Edward's expression did not waver. Uller, however, could not hide his unease. Even knowing that his commander—his friend, as well as the future Grand Duke of the North—must have prepared something, the sheer imbalance in strength was enough to make any general's heart sink.

Winterhold was, for all intents and purposes, undefended. The Grand Duke of Lionheart had taken the entire northern army to the western border. Only a skeletal garrison remained to maintain order within the city. Even a single knight from Sarybin's host might be enough to slaughter every soul here.

The scale of Sarybin's deployment defied reason. It was hard to imagine what could drive them to wage a war of such magnitude without provocation.

"We're not certain about the cause," Edward said evenly, "but according to Charles's deductions, it's likely the ancient ruins buried beneath the St. Anna snowfields. Sarybin's army may be the strongest of the four, but they will also be the least suited to face what's coming."

There was a faint note of sympathy in his tone. He looked skyward.

Uller followed his gaze instinctively—and his eyes went wide. He had imagined many possibilities, but never this.

Dragons.
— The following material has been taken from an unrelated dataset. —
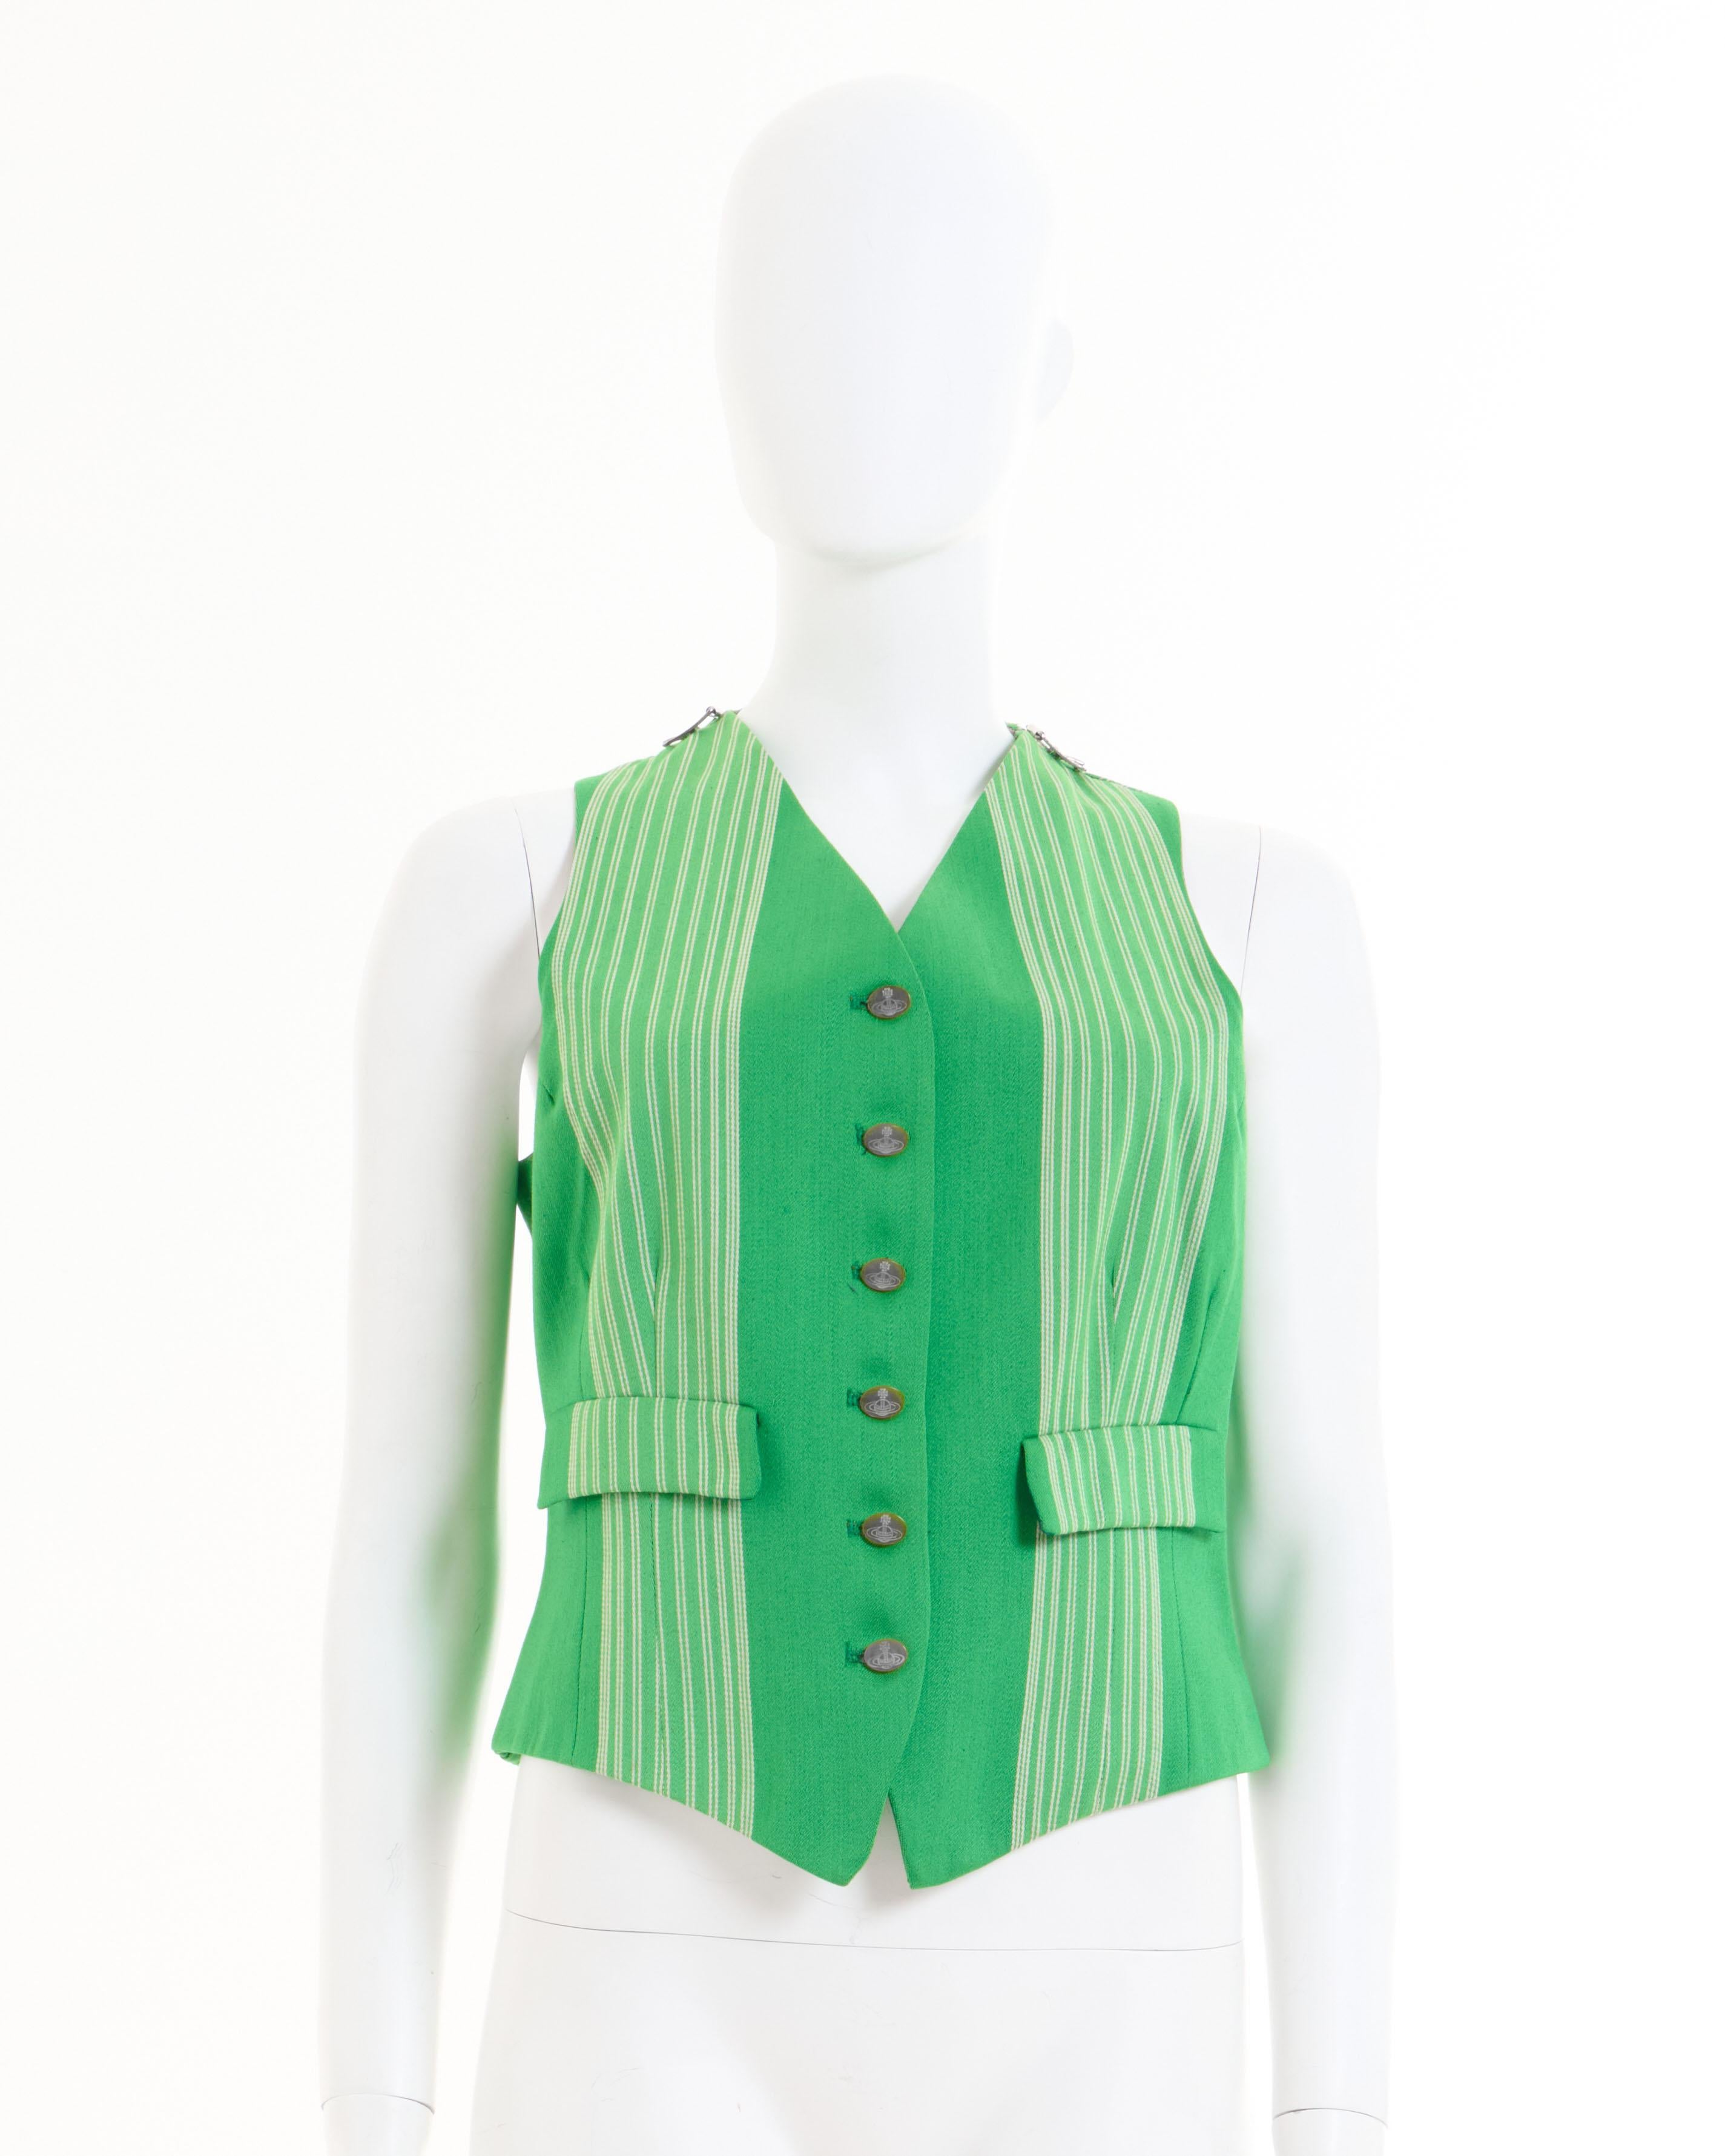 Vivienne Westwood  F/W 1988/89 ‘Time Machine’ Green striped Armour jacket For Sale 11

A flight of dragons.

"Are those... dragons?"

"What?"

"Watch out!"

"Counterattack!"

The Sarybin troops, too, turned their eyes to the heavens. There, the sky had rent open. A vast rift in space unfolded. From it burst a silver dragon, its elegant frame cutting a lethal curve through the air. In its claws it bore a colossal silver greatsword, which came crashing down upon the imperial ranks with unimaginable speed.

They barely had time to react. Against Aurelian's might, human armies were as fragile as paper.
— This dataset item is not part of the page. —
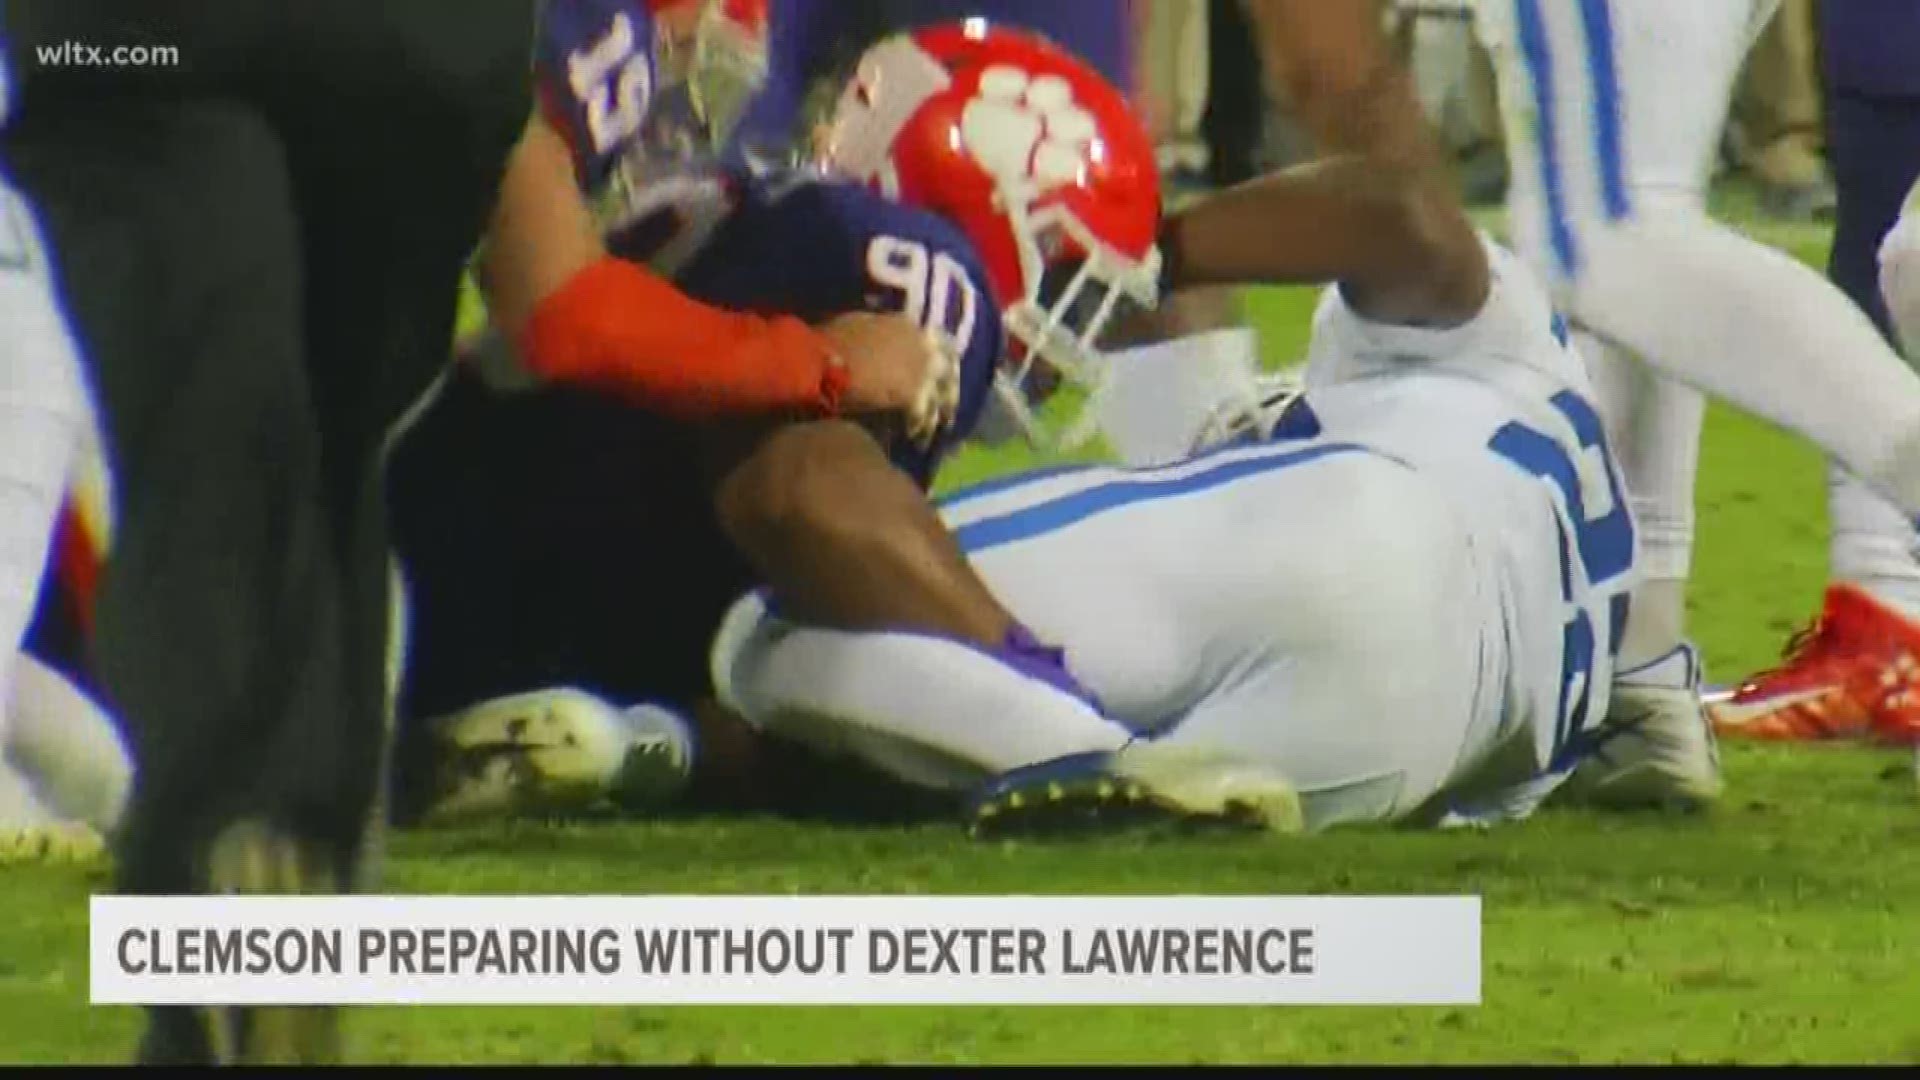 Clemson is preparing for the Cotton Bowl as if defensive tackle Dexter Lawrence will not be available.

The silver blade swept through their lines. In its wake, bodies fell like wheat. Where the edge of the blade passed, grand knights, grand wizards, and mages all perished alike, erased from existence wholesale.

And that was only the beginning. From the same rift that Aurelian had torn open descended another—Miselyx, the white dragon, last surviving patriarch of the dragonkin.

Feeling the chill of the St. Anna snowfields, he inhaled deeply, satisfied. After all, this kingdom might well become the first new home for dragons upon the continent.

Then the dragon's innate mana circuits flared to life. A white dragon, Miselyx could control ice mana unlike any other being.

The lingering frost essence that had gathered around the ancient ruins,undispersed even after centuries, now converged upon Miselyx. A storm of blizzards and ice spears took form above the plain, a maelstrom of frost that spanned the heavens.

Within that storm, colossal shards of glacial ice coalesced, molded, and then plummeted toward the Sarybin host below like the wrath of winter itself.

"Seems I wasn't wrong after all," Edward said softly. "No creature on the continent would ever wish to stand against the dragons. If they hadn't vanished from this world, no other race would have become its masters."

He spoke with genuine awe. Despite all his preparations, the sight surpassed all imagination.

Under the watchful eyes of Winterhold's people and the other dragons that had crossed through the rift, a mountain-sized glacier descended upon the Saryben army, crushing all beneath its frozen weight.